Рот идет в кино. Какое блаженство. Обожаю кино. Здесь, внутри, так прохладно. Когда ты был маленьким, тебя всегда мучил вопрос: а как это будет — посмотреть его глазами. Или как будет здорово — поставить камуфляжный отсек-палатку в углу своей комнаты. Странно вот так проходить через целые жизни в компании еще сотни других, пока люди снаружи проходят мимо при свете дня. Фантастический способ, чтобы потратить время. Потерять время. Нас так легко приманить. И Грета Гарбо. Значительно интереснее, чем в твоем собственном детстве. Никакого гипноза. Настоящие небеса. И только подумать: она была вместо мамы у Боба Дилана. Но я был вместе с ней на необитаемом острове. Только остров был очень большой, и я не видел ее ни разу — только в кино. Насколько в кино больше чувства, чем в жизни? Гарбо выглядит очень похоже на то, как выглядит Гарбо, похожая на Гарбо. У Хобо вокруг шеи повязан белый шейный платок. Гарбо укладывает Гейбла Харлоу в любви — в гавани — белой подводкой для глаз. Ей хотелось сыграть Дориана Грея. Она смотрелась в металлический лист с белым подтеком по нижнему краю. Ей было так скучно. Тебе жутко скучно. Может, еще раз сыграем этот эпизод? Очевидно, ее секрет заключается в следующем: если ты говоришь, ты выражаешь себя. То есть, ты выразим. Но как ты определишь единственное известное тебе слово? Что ты чувствуешь? Очевидно, что все, что ты говоришь — это ложь. Если ты что-нибудь говоришь, ты лжешь. Если не хочешь лгать, значит, не говоришь ничего. Единственное, что тут можно сделать — это забавлять публику. Рассказывать анекдоты. Разыгрывать страсти. Ты берешься за какую-нибудь работу, потому что жизнь обесценилась, и вкладываешь в нее свой смысл. Ты знаешь, что значит влюбиться — это значит приблизиться к памяти приблизительно. Купюра в сто долларов — это клочок бумаги. Иными словами, гравирование — это искусство, за которое лучше платят.
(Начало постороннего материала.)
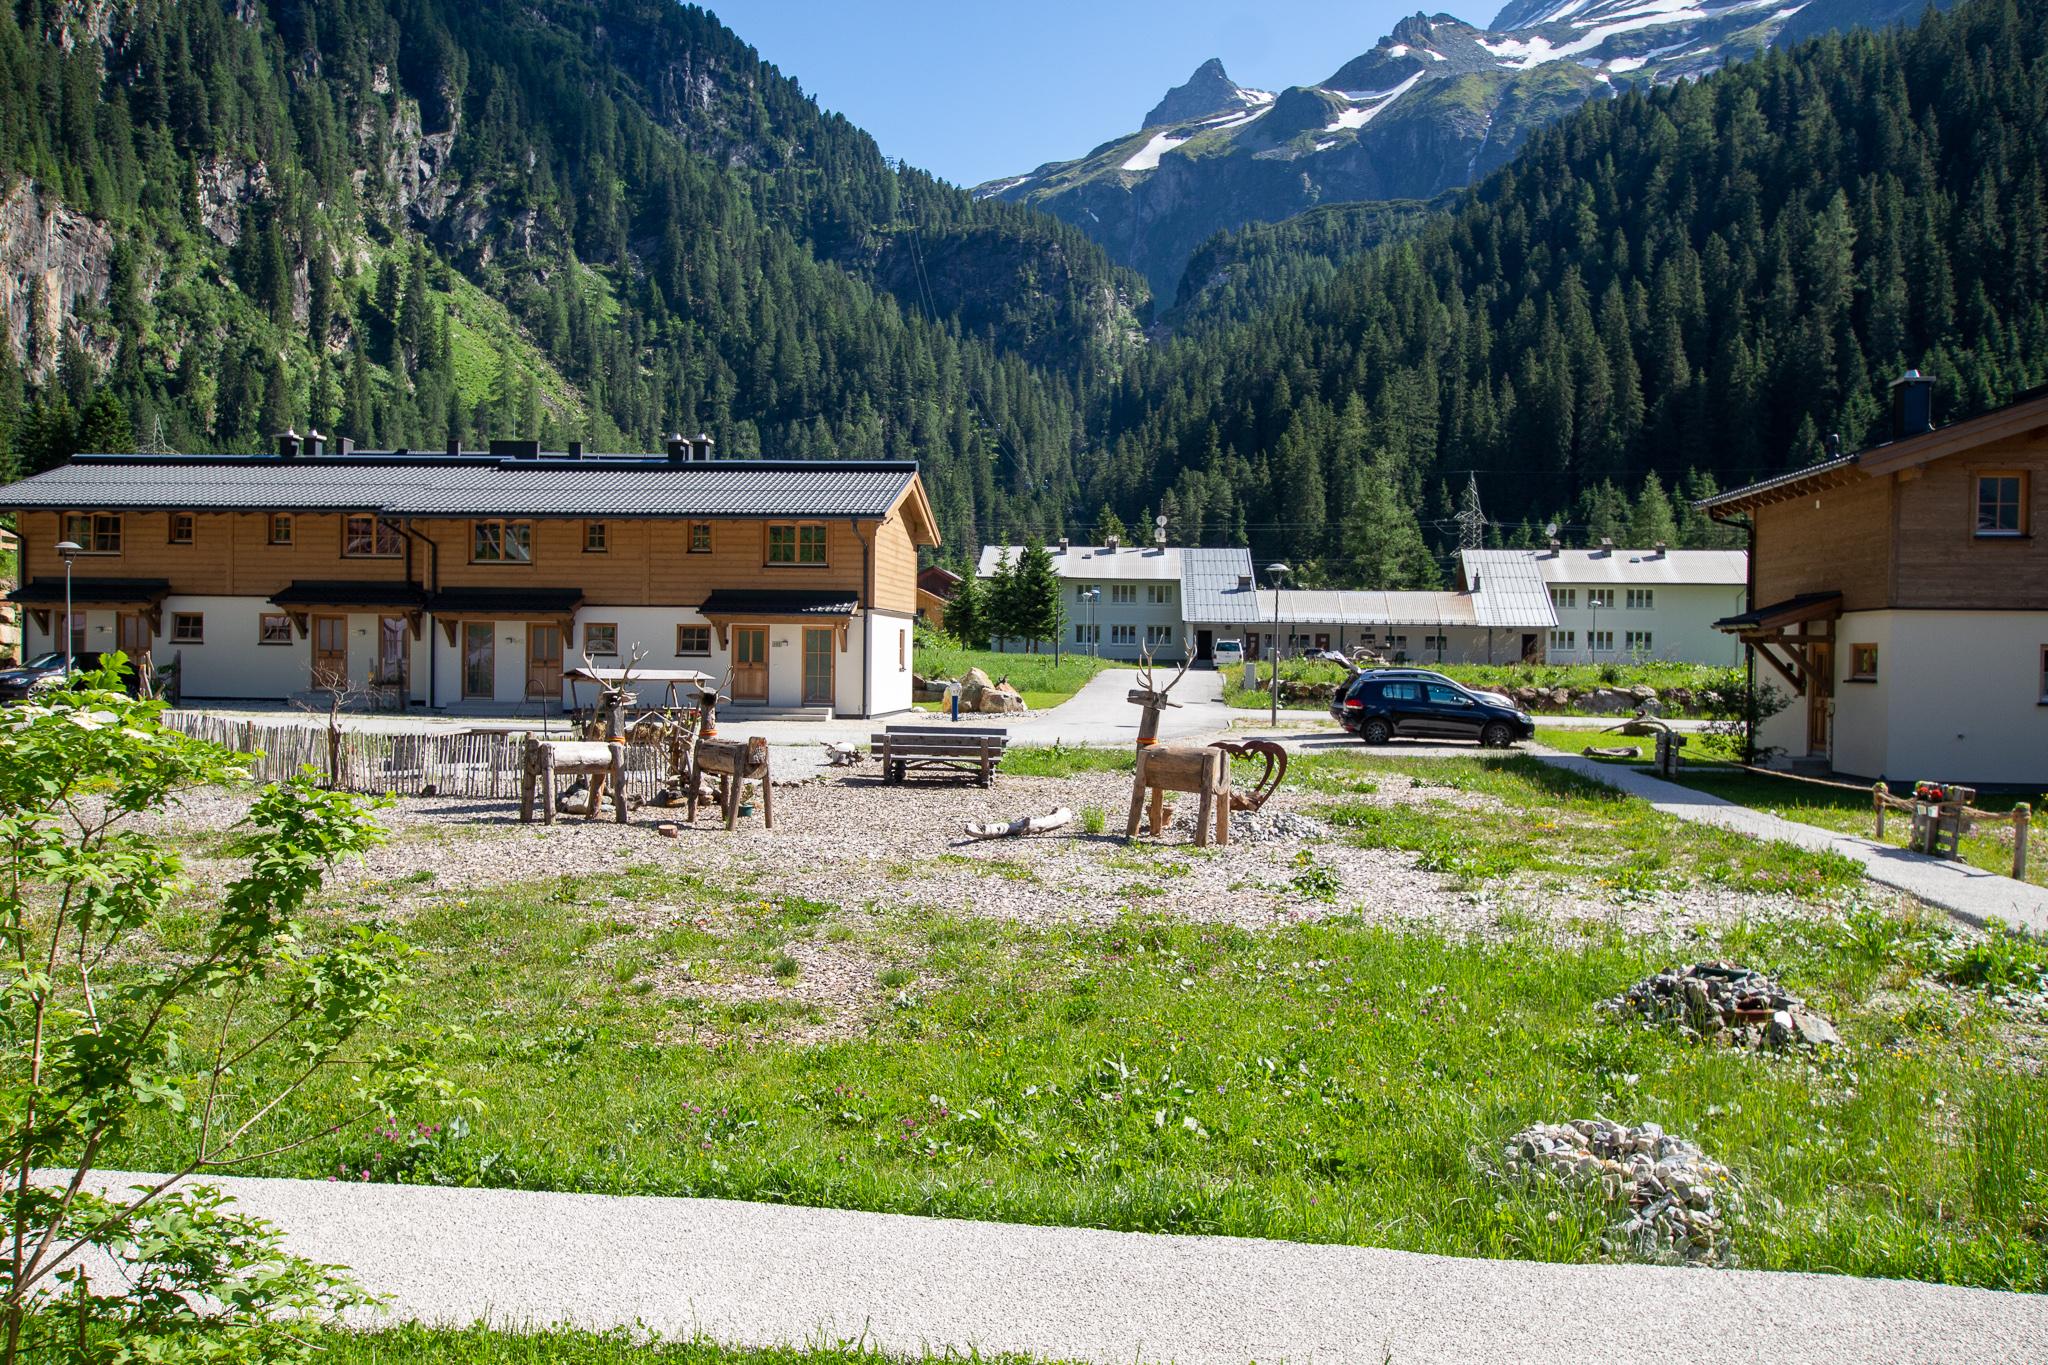 Maison de vacances Lodge Seeblick am Skilift und Bergsee für 5 (2636751), Uttendorf, Pinzgau, Salzbourg, Autriche, image 37

Чем привлекают по-настоящему хорошие фильмы, зомби вроде меня, думает Рот, так это жизнью без напряга. Я тоже мог бы так жить. Я мог бы прожить так всю жизнь, и я прожил бы ее так же легко. Точно так же, как Череп проспал бы всю жизнь. Я человек, персонаж, субъект — здесь, в кинозале, в темноте… как червь, гложущий сердце. Перегруженные смыслом слова. Внимание рассеивается — пожалуй, мне лучше отсюда уйти.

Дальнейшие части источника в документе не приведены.